#### [Available data]
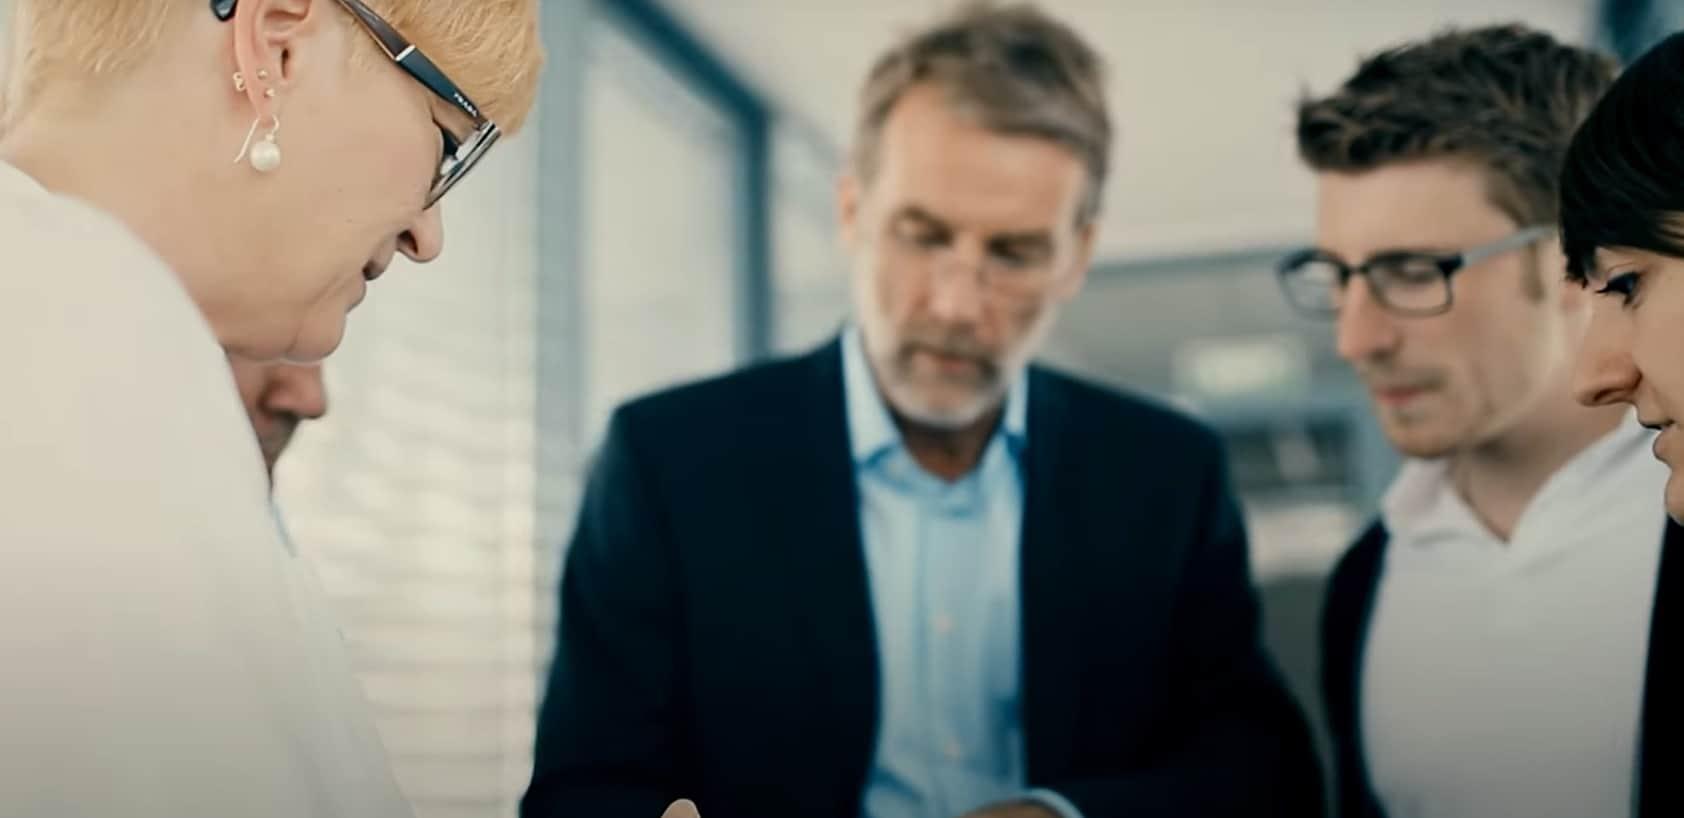 Unternehmensverkauf: 8 Schritte zum erfolgreichen Verkauf Ihres Unternehmens
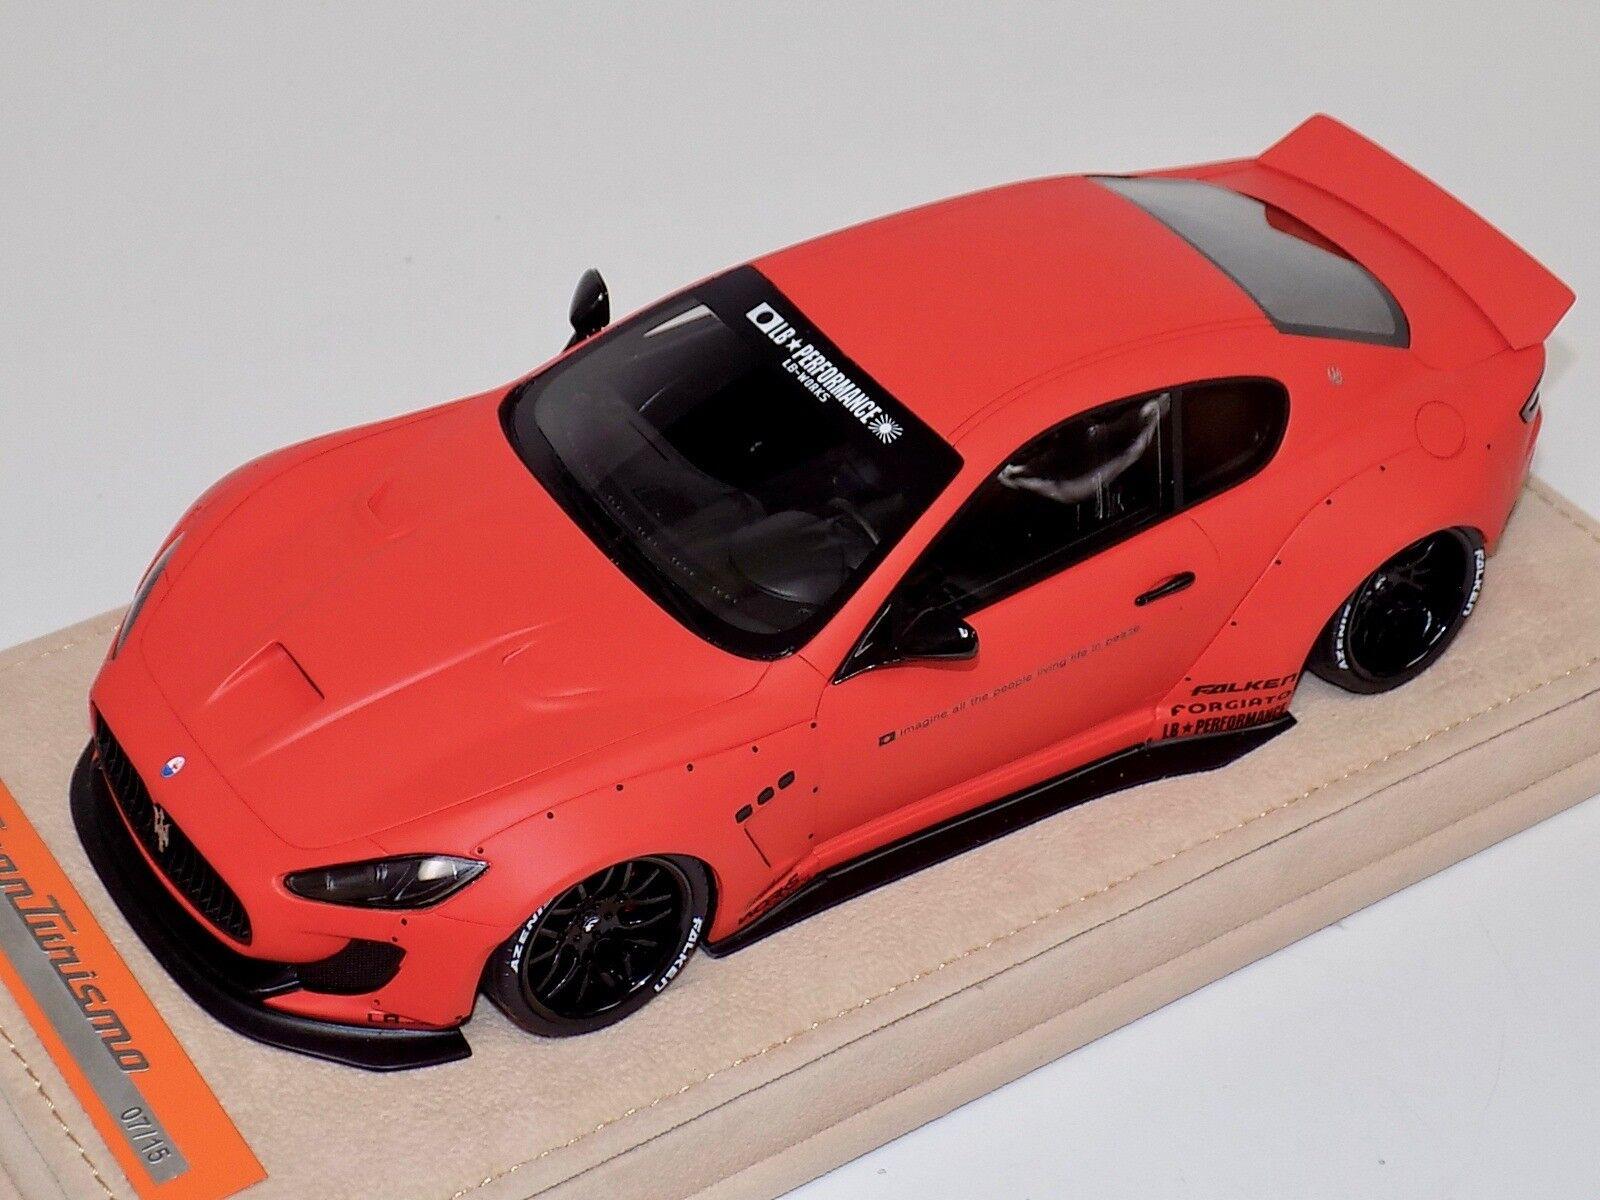 Modelos Maserati GranTurismo Liberty AB caminar Mate CALCOMANÍAS DE NARANJA Alcantara
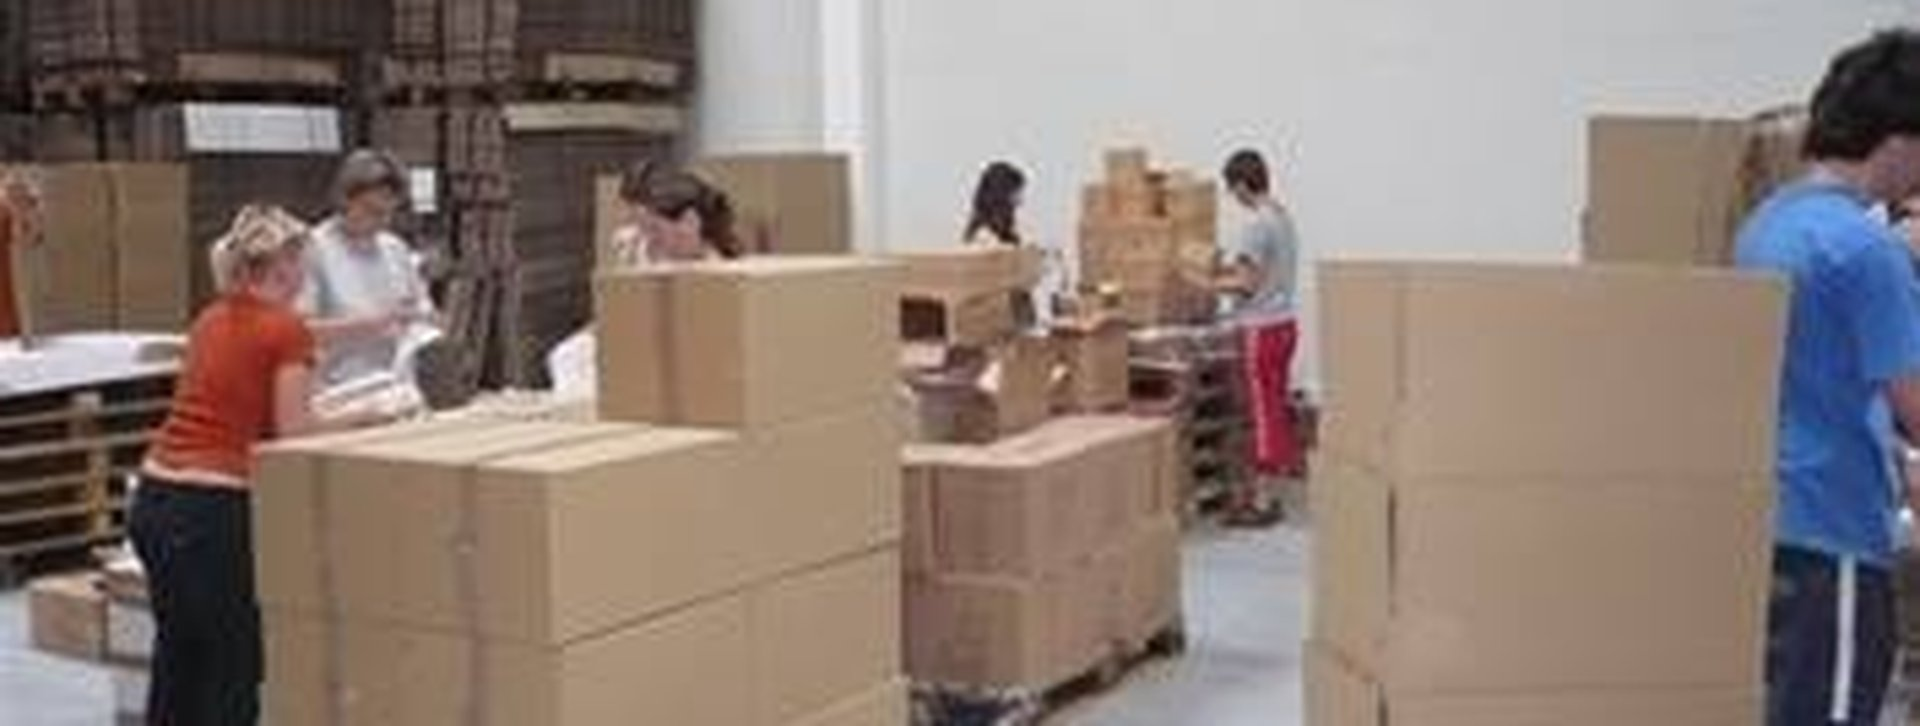 pronajem-temperovaneho-skladu-se-sluzbami-5-500-m2-tuchomerice-praha-zapad-1924
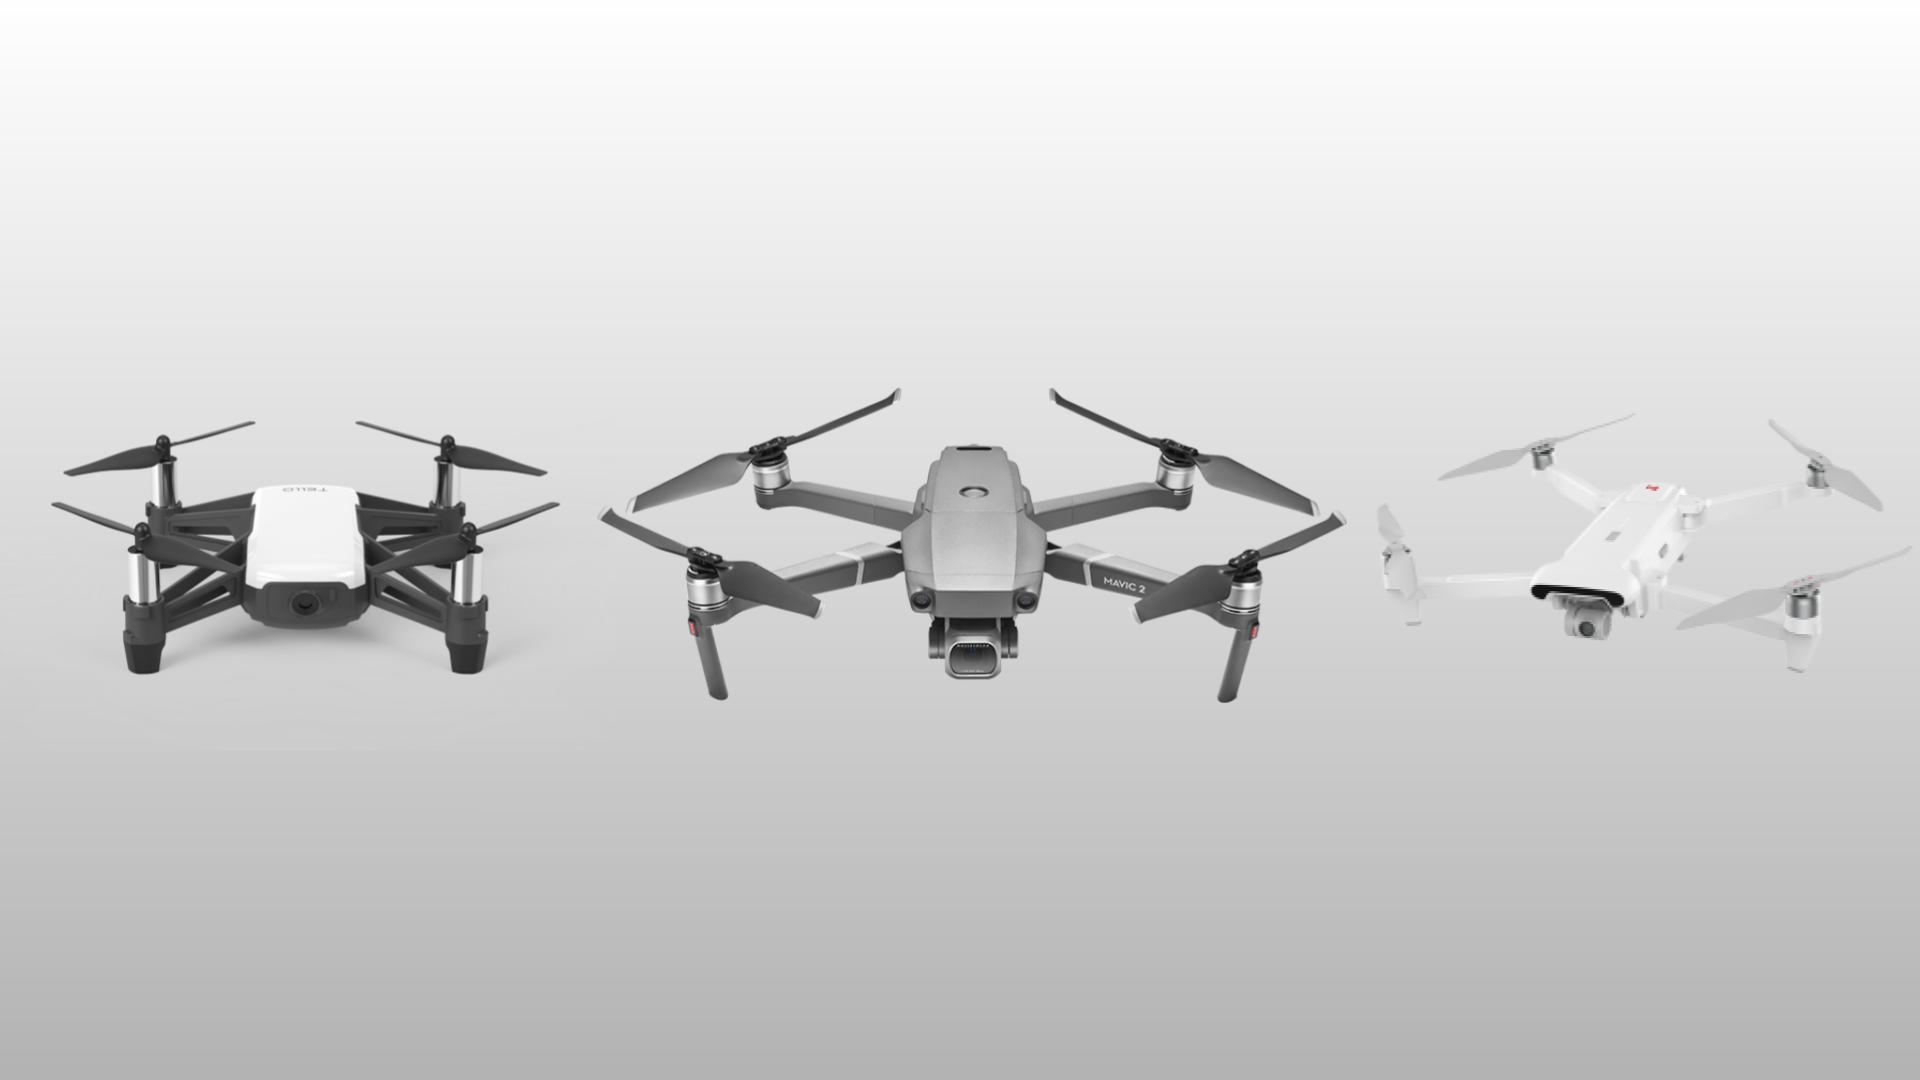 Des drones DJI Ryze, DJI Mavic et Xiaomi à partir de 71 euros sur GearBest

#### [Problem statement]
Repeat the data in full and exactly. Omit pictures.

#### [Written response]
 Unternehmensverkauf: 8 Schritte zum erfolgreichen Verkauf Ihres Unternehmens
 Modelos Maserati GranTurismo Liberty AB caminar Mate CALCOMANÍAS DE NARANJA Alcantara
 pronajem-temperovaneho-skladu-se-sluzbami-5-500-m2-tuchomerice-praha-zapad-1924
 Des drones DJI Ryze, DJI Mavic et Xiaomi à partir de 71 euros sur GearBest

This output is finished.